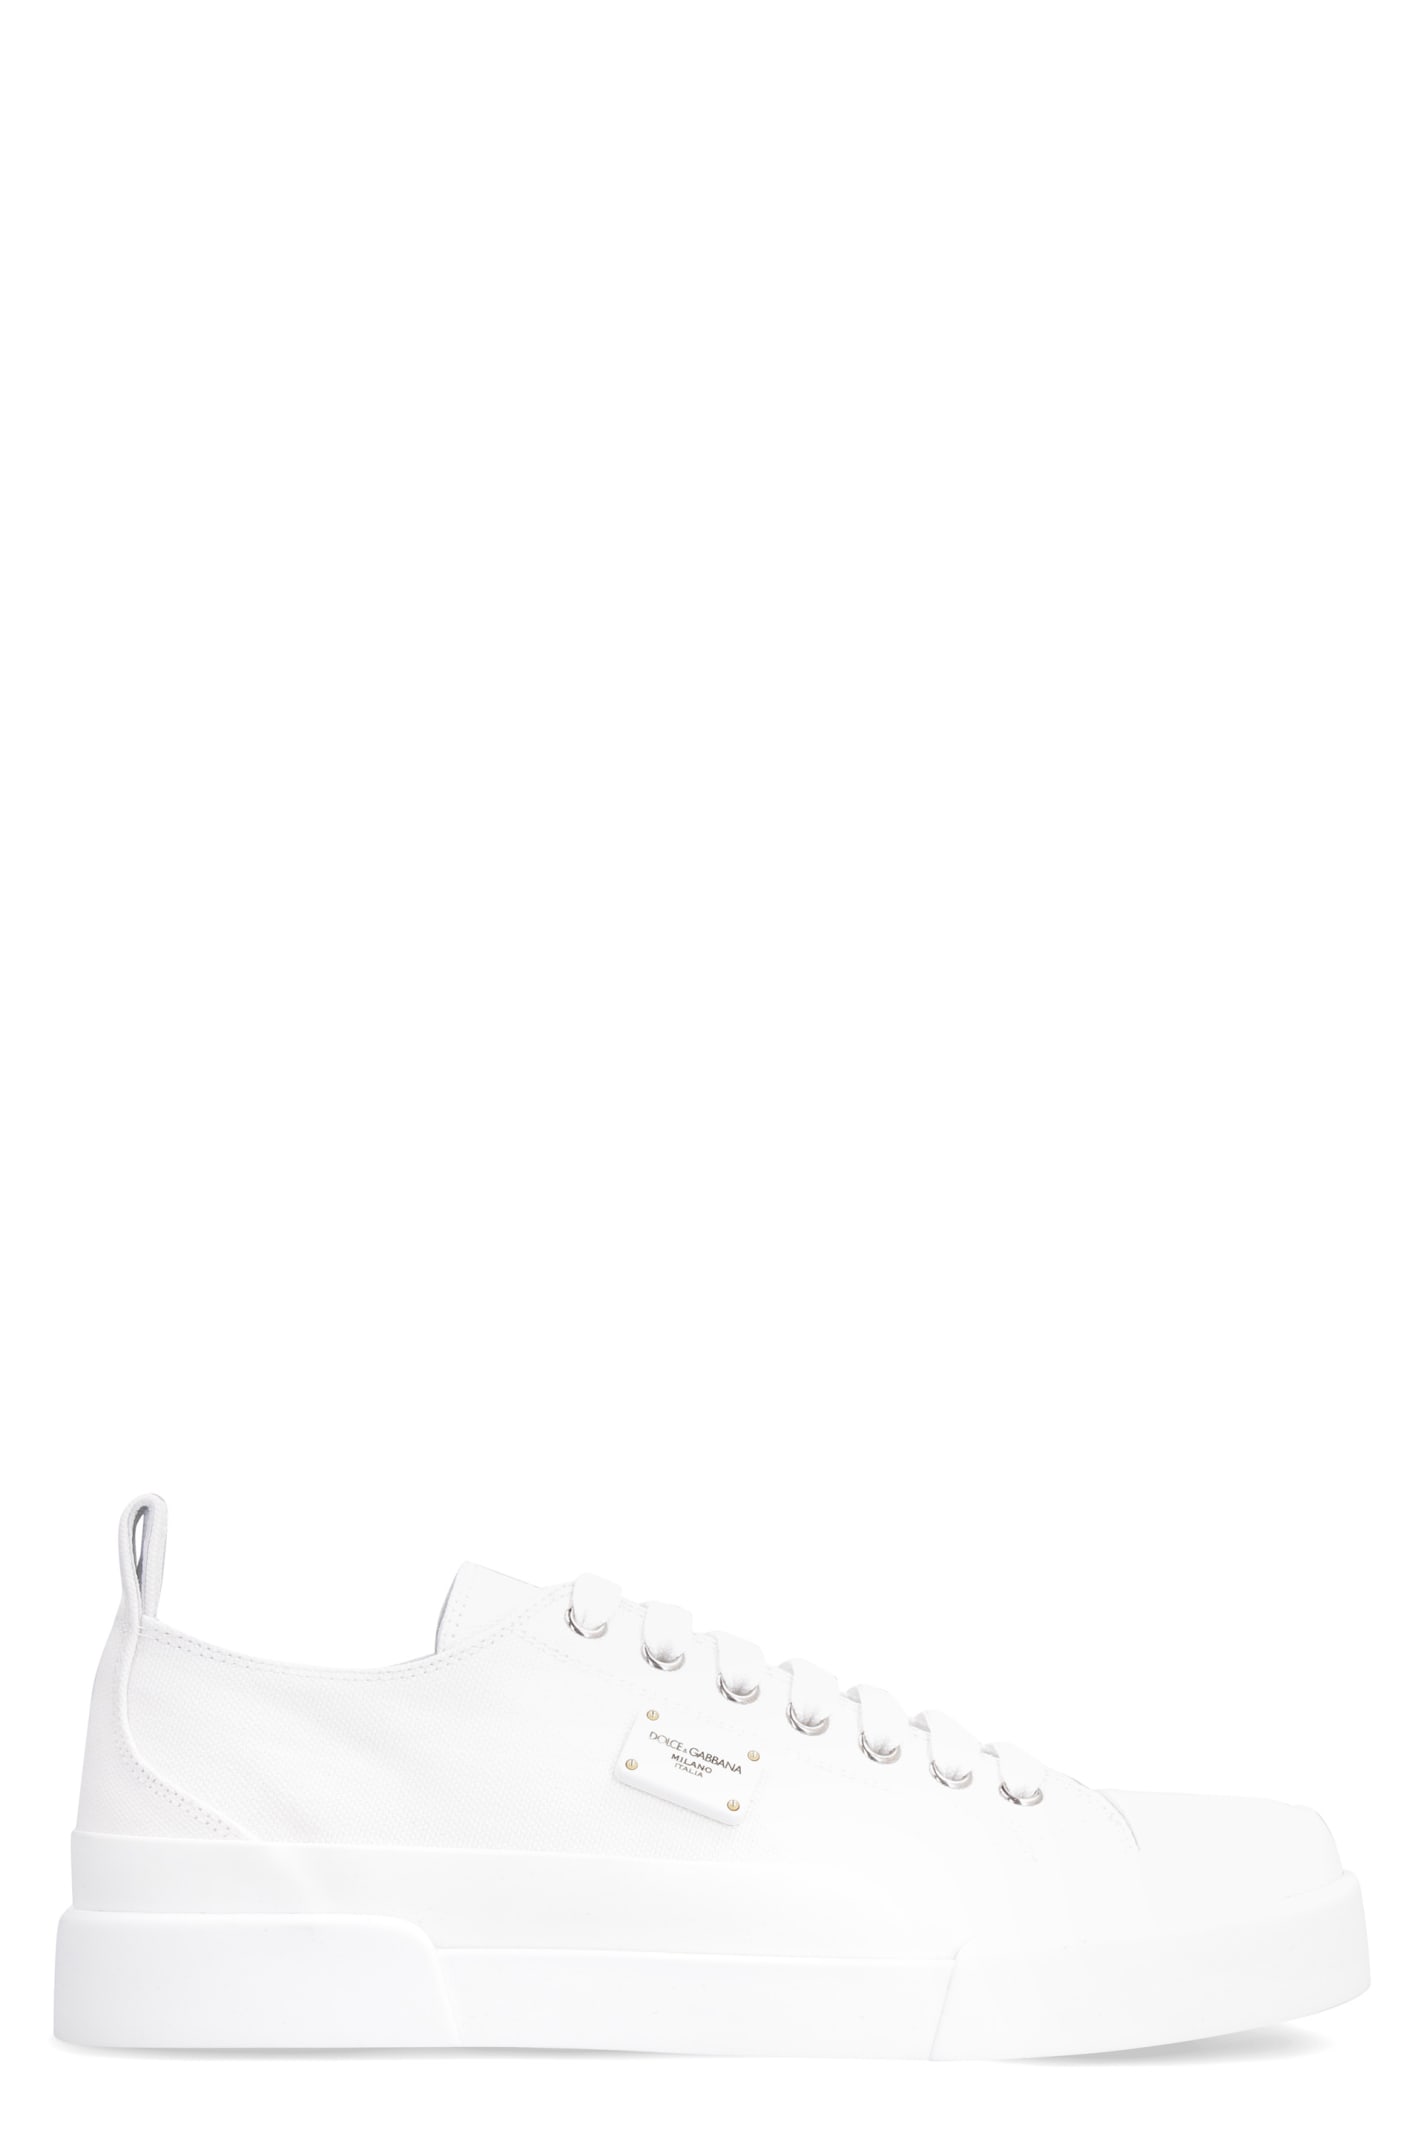 Dolce & Gabbana Portofino Canvas Low-top Sneakers
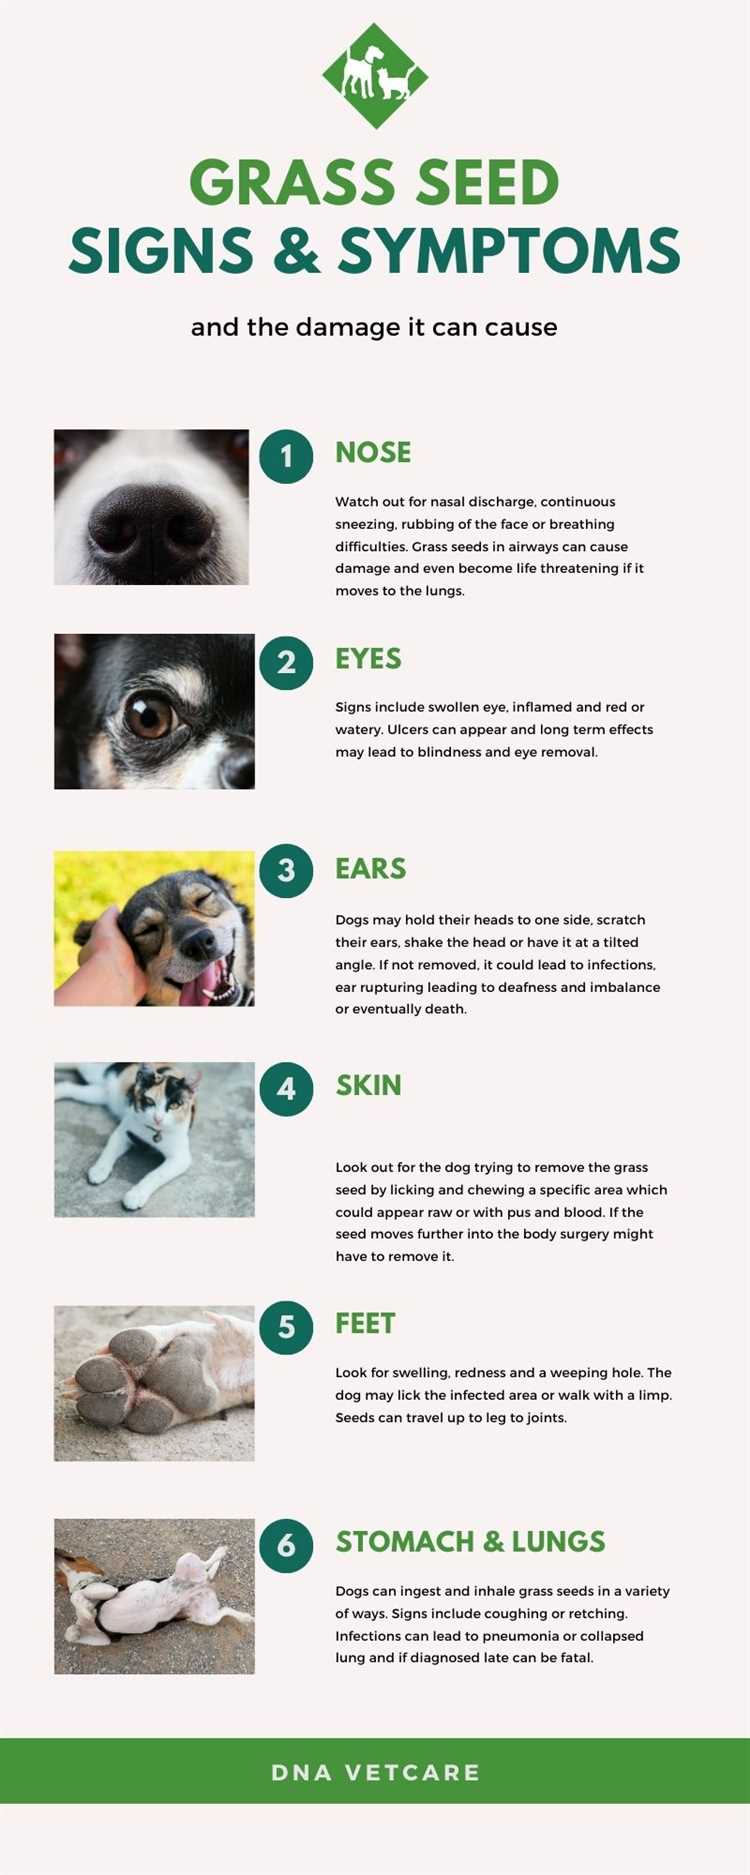 Hvordan kan du forebygge at hunden inhalerer gressfrø?
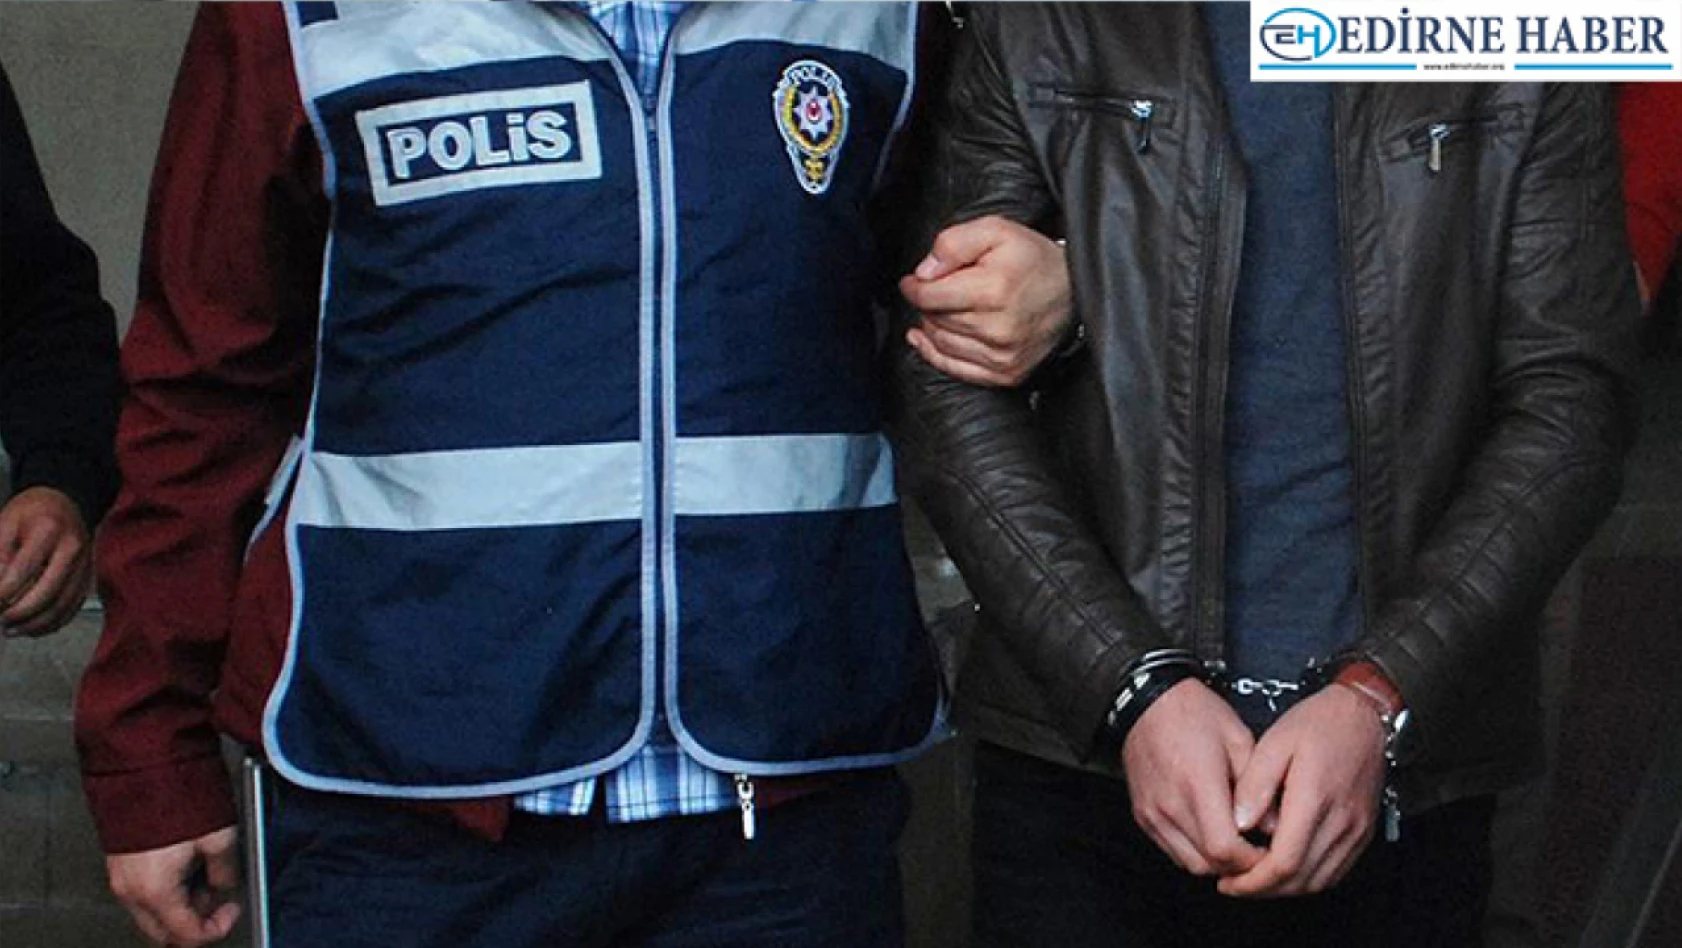 Edirne'de 6 suçtan aranan zanlı tutuklandı
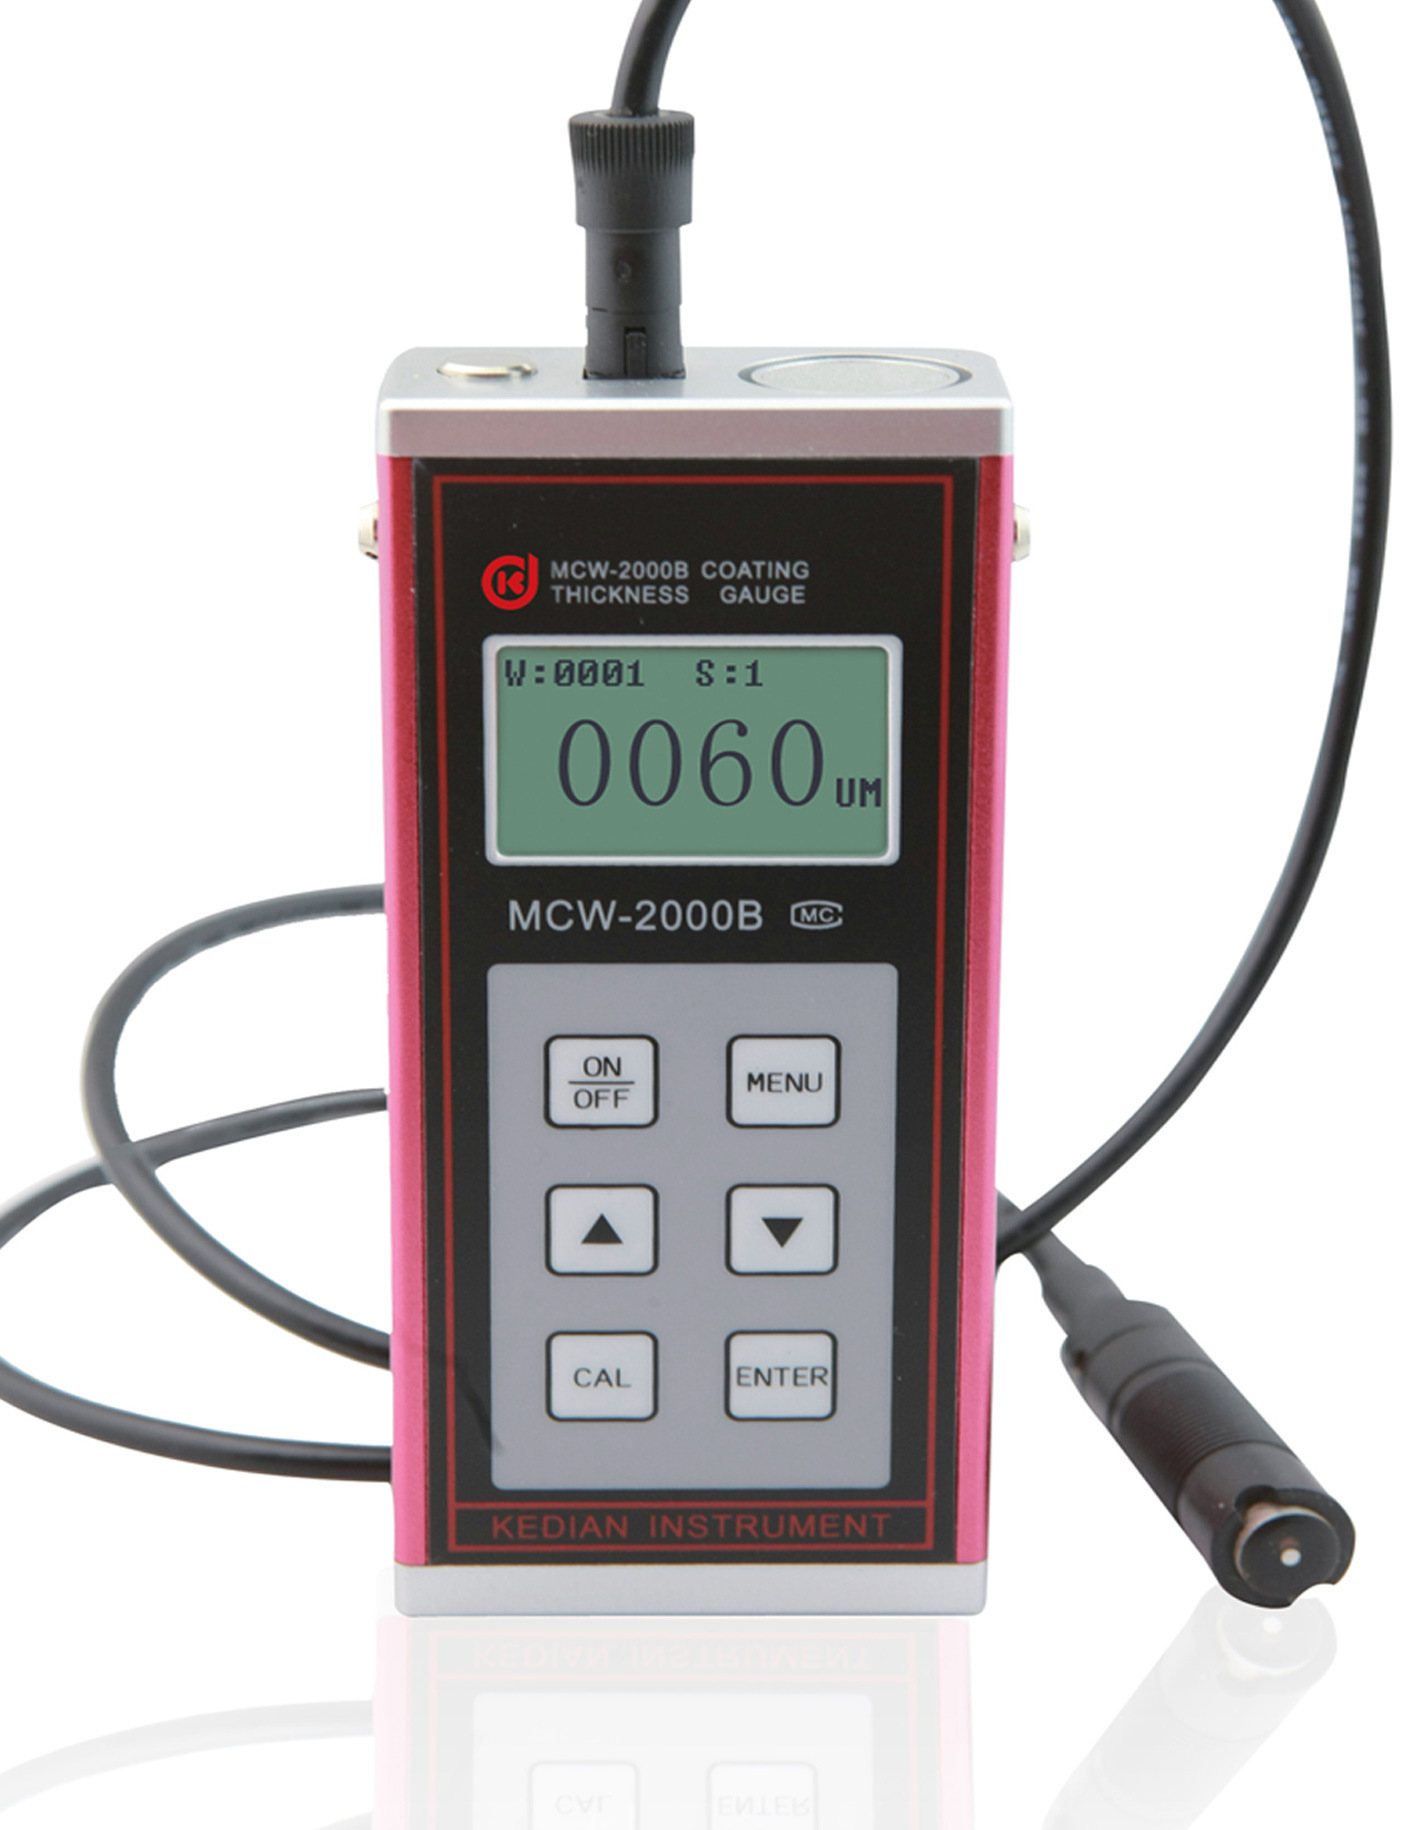 皆准仪器 MCW-2000B型涡流镀层测厚仪  数显测厚仪 薄膜测厚仪 厂家直销

Work instruction → Excluding the pictures, retype the line containing "Edirne'de 6 suçtan aranan zanlı tutuklandı" and all lines after it down to the end of the data above.

Output of the exercise →
 Edirne'de 6 suçtan aranan zanlı tutuklandı
 皆准仪器 MCW-2000B型涡流镀层测厚仪  数显测厚仪 薄膜测厚仪 厂家直销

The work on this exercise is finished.